Cannot assign and extract a label to a single line in a mesh

Hello,
Given this mesh

I can successfully label in it the circle and the rectangle, save the mesh to file, and read the circle and rectangle. I prepared a minimal working example to illustrate the issue:

First, generate_mesh.py generates the mesh and saves it into line_mesh.xdmf and triangle_mesh.xdmf

#generate_mesh.py:

import numpy
import meshio
import gmsh
import pygmsh
import argparse

parser = argparse.ArgumentParser()
parser.add_argument("resolution")
args = parser.parse_args()

resolution = (float)(args.resolution)

# Channel parameters
L = 2.2
h = 0.41
r = 0.05
c_r = [0.2, 0.2, 0]

geometry = pygmsh.geo.Geometry()
model = geometry.__enter__()

circle_r = model.add_circle(c_r, r, mesh_size=resolution/2)
rectangle_Lh = model.add_rectangle(0, L, 0, h, 0, mesh_size=resolution)

points = [model.add_point((0, 0, 0), mesh_size=5*resolution),
          model.add_point((L, 0, 0), mesh_size=5*resolution),
          model.add_point((L, h, 0), mesh_size=5*resolution),
          model.add_point((0, h, 0), mesh_size=5*resolution)
          ]

channel_lines_1 = [model.add_line(points[0], points[1]),
                   model.add_line(points[1], points[2]),
                   model.add_line(points[2], points[3]),
                   model.add_line(points[3], points[0])]

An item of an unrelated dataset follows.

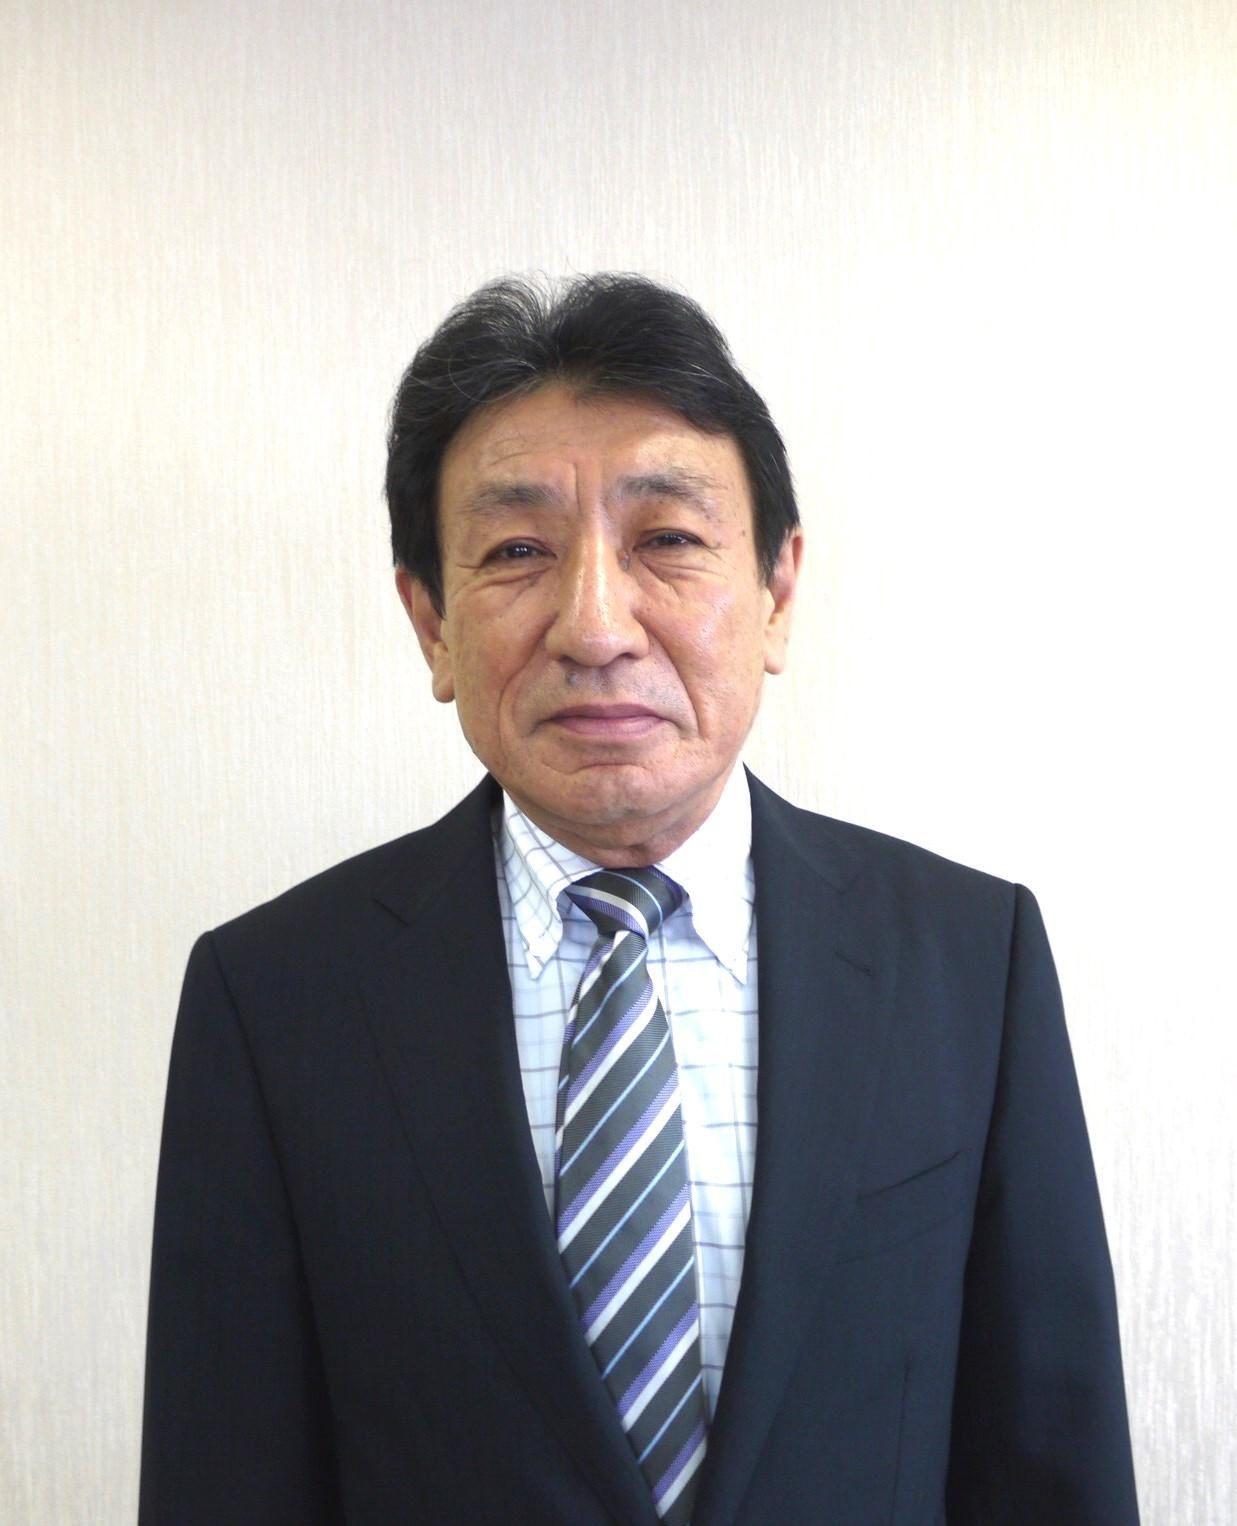 久保 信保 (Mr Nobuyasu Kubo)

channel_loop_1 = model.add_curve_loop(channel_lines_1)

plane_surface = model.add_plane_surface( rectangle_Lh.curve_loop, holes=[circle_r.curve_loop])

model.synchronize()
model.add_physical([plane_surface], "Volume")
model.add_physical(circle_r.curve_loop.curves, "Circle")
model.add_physical(rectangle_Lh.curve_loop.curves, "Rectangle")
# model.add_physical([channel_lines_1[3]], "Inflow")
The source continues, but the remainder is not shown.